The [Iffy Index of Unreliable Sources](https://iffy.news/index/#methodology) by Media Bias/Fact Check (MBFC) maintains a list of news sites that regularly fail fact-checks and is a widely used research tool in the field of mis/disinformation. The data contains domain names and a compilation of credibility ratings from different sources. For details, check the methodology on the iffy.news site.

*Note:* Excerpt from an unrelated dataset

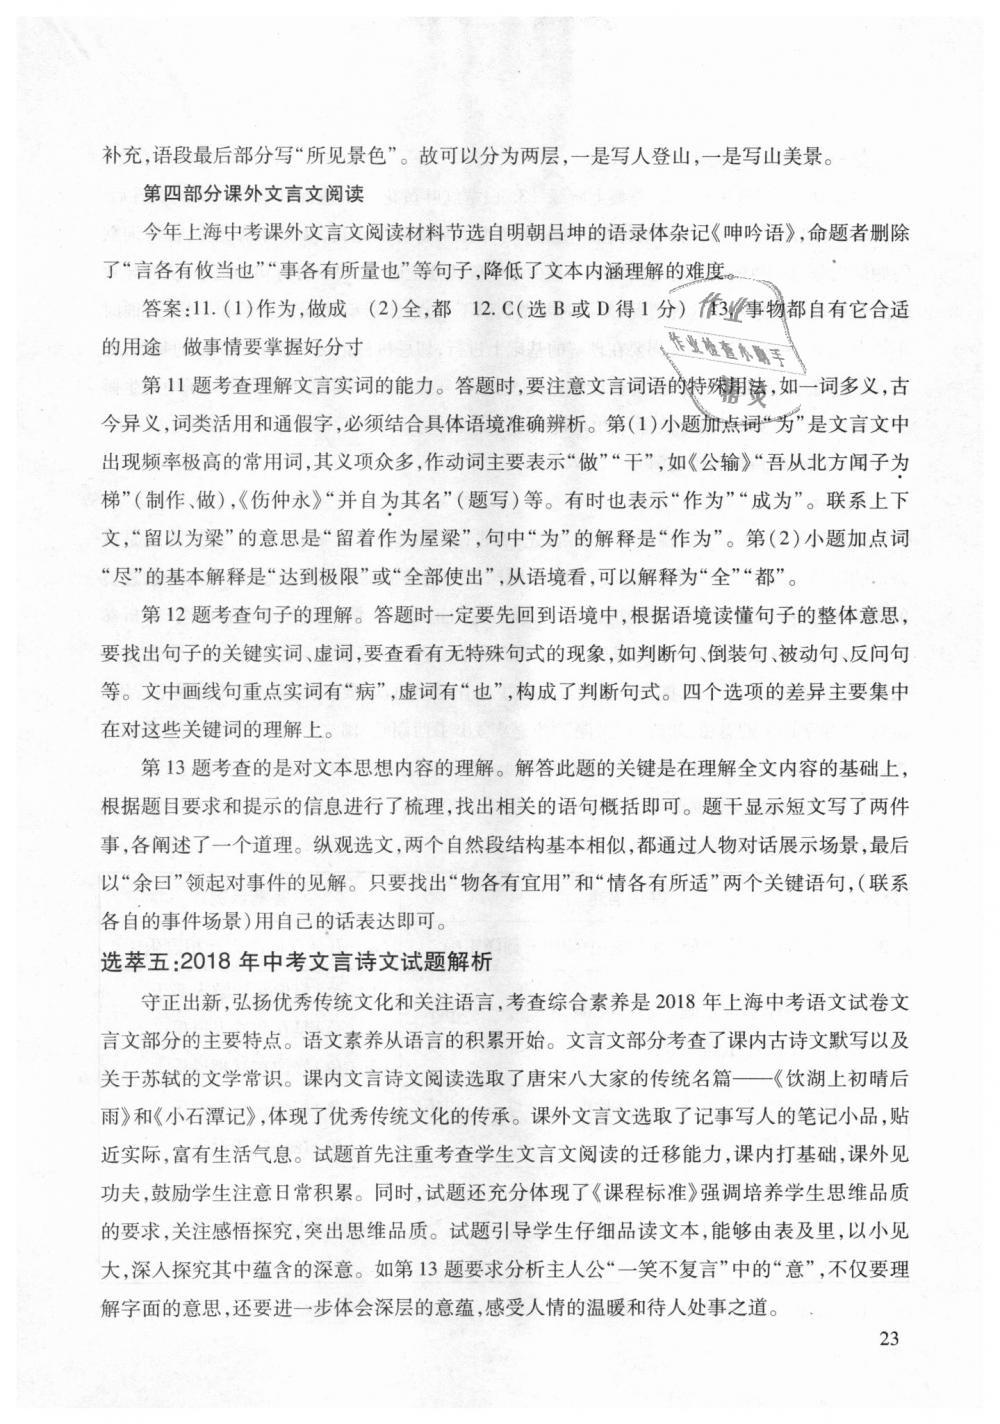 2018年中考文言诗文考试篇目点击九年级语文沪教版第23页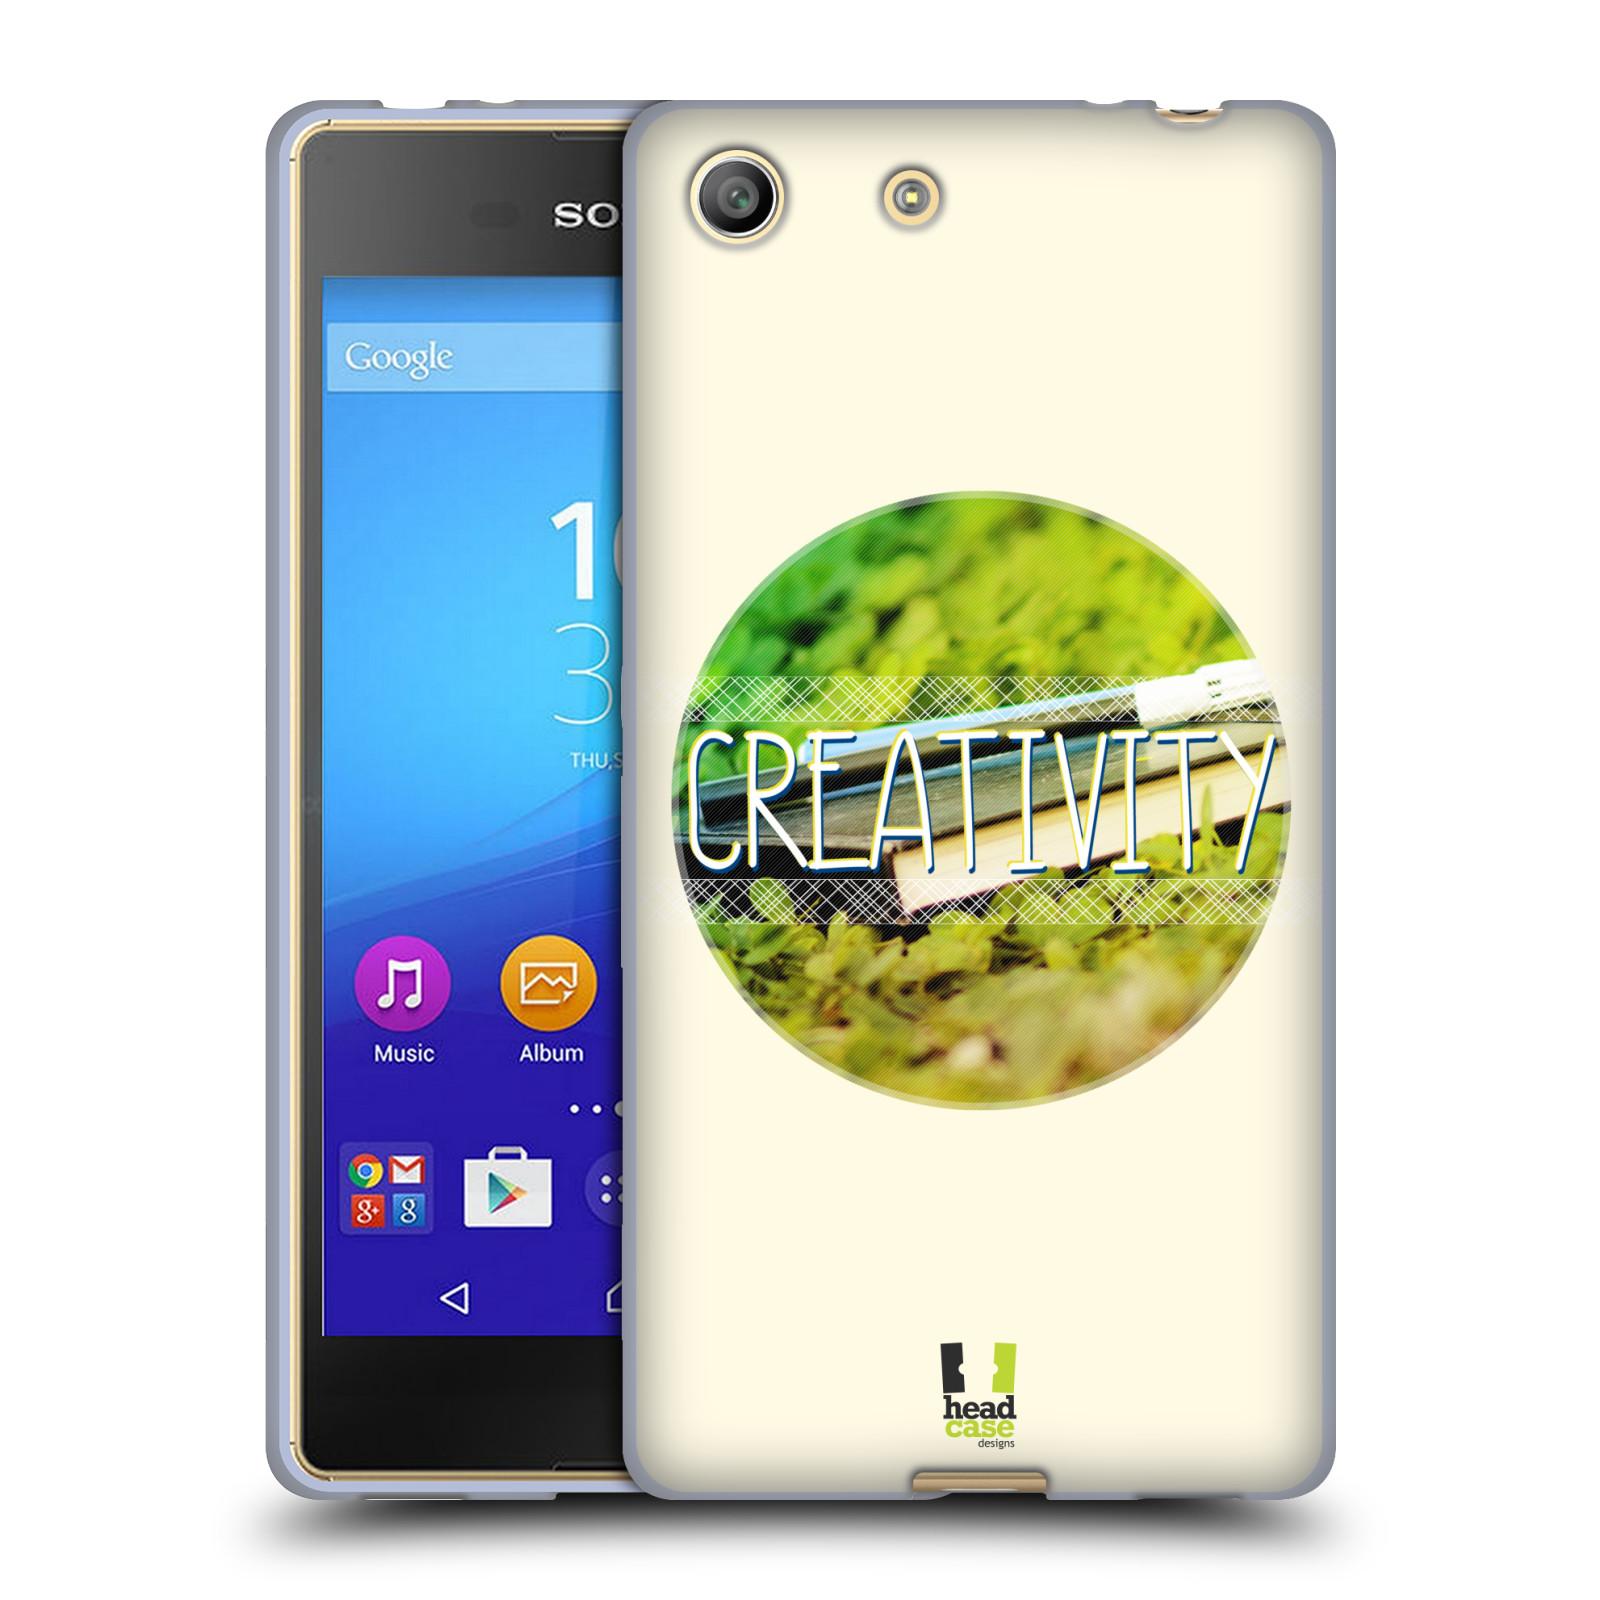 Silikonové pouzdro na mobil Sony Xperia M5 HEAD CASE INSPIRACE V KRUHU KREATIVITA (Silikonový kryt či obal na mobilní telefon Sony Xperia M5 Dual SIM / Aqua)

It is common for websites to have an ads.txt (Authorized Digital Sellers) URL when they generate revenue with their content. It specifies a text file that companies can host on their web servers. This file contains information about which advertisers are allowed to operate on the site. By parsing this information for news sites in the dataset we might be able to find interesting relationships between sites' credibility and their advertisements.

In [10]:
import pandas as pd

newssites = pd.read_excel("iffy_index.xlsx")
newssites.head()

Unnamed: 0,Domain name,MBFC Factual,MBFC Cat,MBFC Cred,Global Site Rank,Wikipedia article,Misinfo.me,Fact-checks
0,100percentfedup.com,L,FN,L,72.284,,-0.91,100 Percent Fed Up
1,10news.one,L,FN,L,30000000.0,,0.0,10News.one
2,12minutos.com,L,FN,L,276.039,,-1.0,12minutos.com
3,163.com,M,FN,L,309.0,W,0.23,NetEase
4,1tv.ru,M,FN,L,2.598,W,0.28,Channel One Russia


## Data preparation

Misinfo.me rates the sites' credibility from low (-1.0) to high (1.0). To only include the most interesting domain names, we will filter out those that have a positive credibility rating. Next, we will create a new column and add the prefix 'https://' to every domain name to be able to use them with the `requests` library. This library is needed to send HTTP requests to the ads.txt URLs. 

In [11]:
newssites = newssites[newssites["Misinfo.me"] >= 0]
newssites["Domain name"] = "https://" + newssites["Domain name"]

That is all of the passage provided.